The record discloses substantial evidence to support the finding that W.E. Hill had advanced $2,500 to W.W. Hill to purchase the property in question. The oral testimony of Goldie Hill is corroborated by documentary evidence in the form of a sight draft on the Eureka Federal Savings and Loan Association in the amount of $2,500, dated February 20, 1952, by W.E. Hill, and a deposit slip showing $2,500 deposited to the account of W.W. Hill on February 20, 1952, in the Emporia State Bank indicating: "Checks as follows: W.E. Hill 2,500.00."
Where the execution and delivery of an instrument in writing has been properly established in the trial court, such as the note here in question, this court on review should make the determination for itself as to the interpretation to be placed upon such documentary evidence. ( Goldberg v. Central Surety Ins. Corp., 145 Kan. 412, 65 P.2d 302; and Mathewson v. Campbell, 91 Kan. 625, 138 P. 637.)
The chronological sequence of events relating to the facts in this case, which are either established or uncontroverted, will materially assist in further discussion.
On February 20, 1952, the promissory note of W.W. Hill to W.E. Hill was executed and delivered.
On February 20, 1952, a general warranty deed conveying title to the property described on the reverse side of the note to W.W. Hill and Myrtle Bessie Hill, as joint tenants with right of survivorship, was made and acknowledged (recorded March 6, 1952).
On October 15, 1952, payment of $750 was endorsed on the back of the note.
On October 15, 1952, W.W. Hill died.
On February 13, 1953, W.E. Hill exhibited his demand against the estate of W.W. Hill, deceased, for the balance due on the note by filing his petition for its allowance in the probate court of Lyon County.

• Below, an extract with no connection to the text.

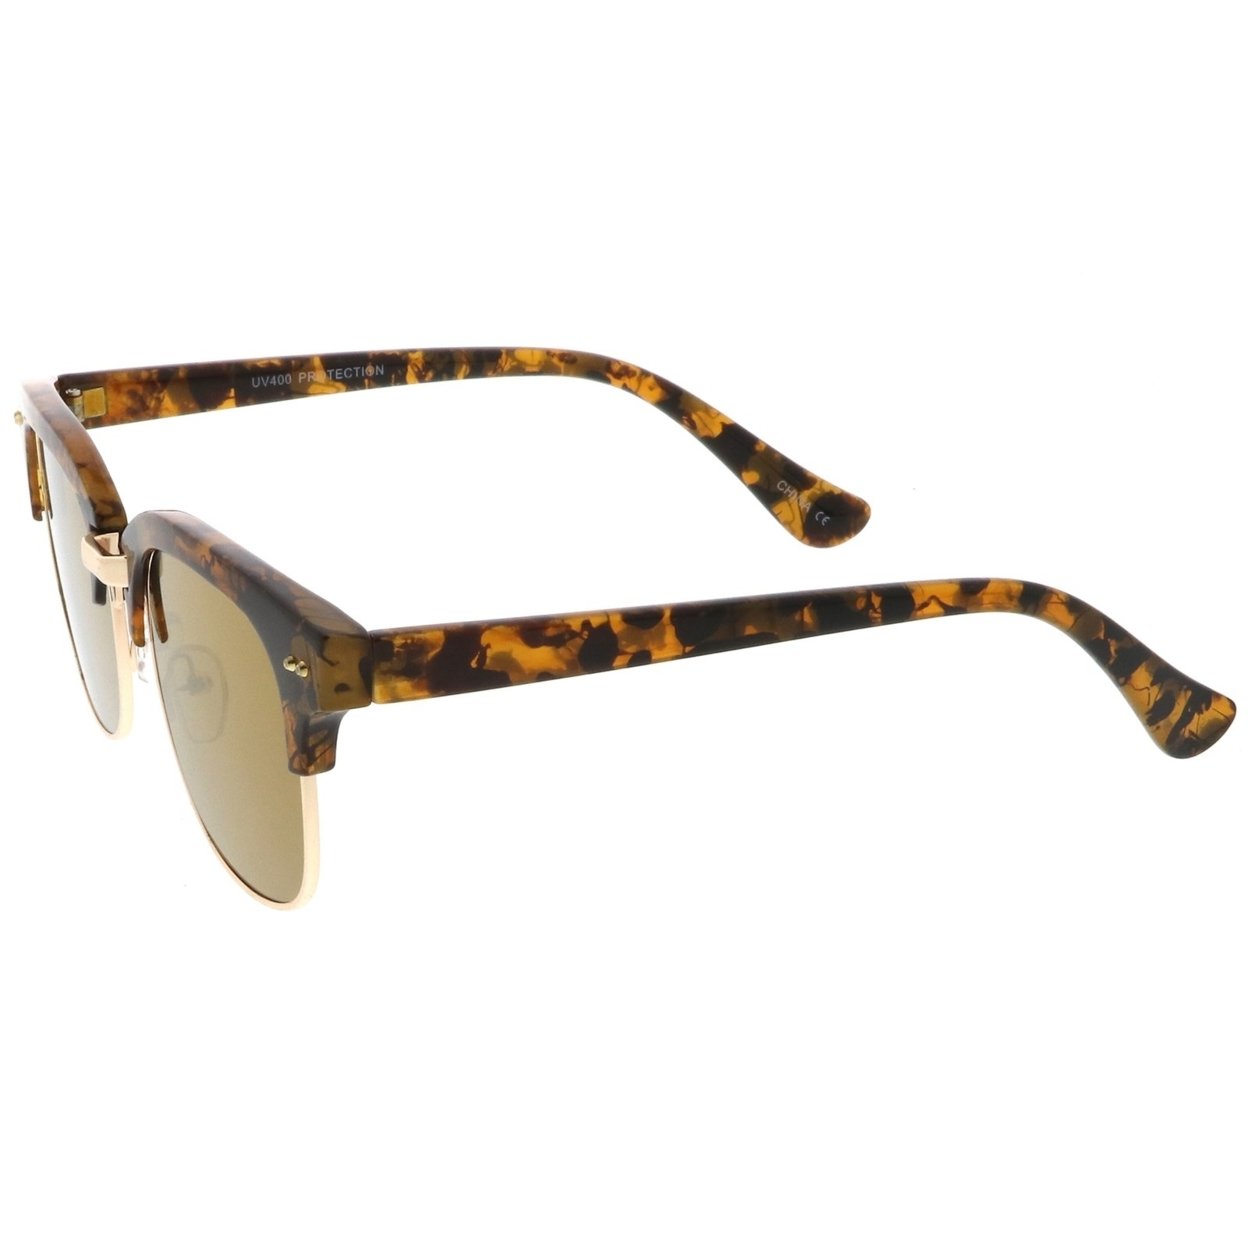 Modern Marble Print Horn Rimmed Mirrored Square Flat Lens Half Frame Sunglasses 51mm - Pink-Gold / Pink-Green Mirror

On October 23, 1954, the petition was filed commencing this action.
On February 20, 1957, the note in question matured unless it matured prior thereto by reason of the demand feature.
On March 2, 1957, the defendant in this action, Myrtle Bessie Hill, died.
On May 24, 1957, this action was revived on the motion of the administratrix of the estate of Myrtle Bessie Hill, deceased, in her name.
On October 28, 1957, this case was heard in the district court.
On May 26, 1958, the trial court made and filed its findings and conclusions.
On June 25, 1958, the trial court overruled the plaintiff's motion for a new trial.
On July 18, 1958, the journal entry of judgment was filed.
On July 14, 1958, appeal was taken to the Supreme Court from the order overruling the motion for a new trial, the findings and conclusions, and the judgment of the district court.
On May 9, 1959, the claim of W.E. Hill against the estate of W.W. Hill in probate court based on the promissory note dated February 20, 1952, was ultimately disallowed on appeal in the district court, claimant offering no evidence in support thereof. It should here be noted the appellant at no time presented any evidence in support of the claim or caused it to be allowed.
Does the note in question establish an equitable lien on the real property described on the reverse side of the note?
There can be no doubt upon the authorities that where one party advances money to another upon the faith of an agreement by the latter to secure its payment by a mortgage upon certain lands, but which is never executed, or which, if executed, is so defective or informal as to fail in effectuating the purpose of its execution, equity will impress upon the land intended to be mortgaged a lien in favor of the creditor who advanced the money for the security and satisfaction of his debt. The lien attaches upon the payment of the money and unless there is a waiver of it, express or implied, remains and may be enforced so long as the debt itself may be enforced.
The whole doctrine of equitable mortgages is founded upon the cardinal maxim of equity which regards that as done which has been agreed to be done, and ought to have been done. In order to apply this maxim according to its true meaning the court will treat the subject matter, as to collateral consequences and incidents, in the same manner as if the final acts contemplated by the parties had been executed exactly as they ought to have been.
The doctrine of equitable mortgages is not limited to written instruments intended as mortgages, but which by reason of formal defects cannot have such operation without the aid of the court, but also to a very great variety of transactions to which equity attaches that character. It is not necessary that such transactions or agreements as to lands should be in writing in order to take them out of the operation of the statute of frauds because they are completely executed by at least one of the parties and are no longer executory, and because the statute by its own terms does not affect the power which courts of equity have always exercised to compel specific performance of such agreements.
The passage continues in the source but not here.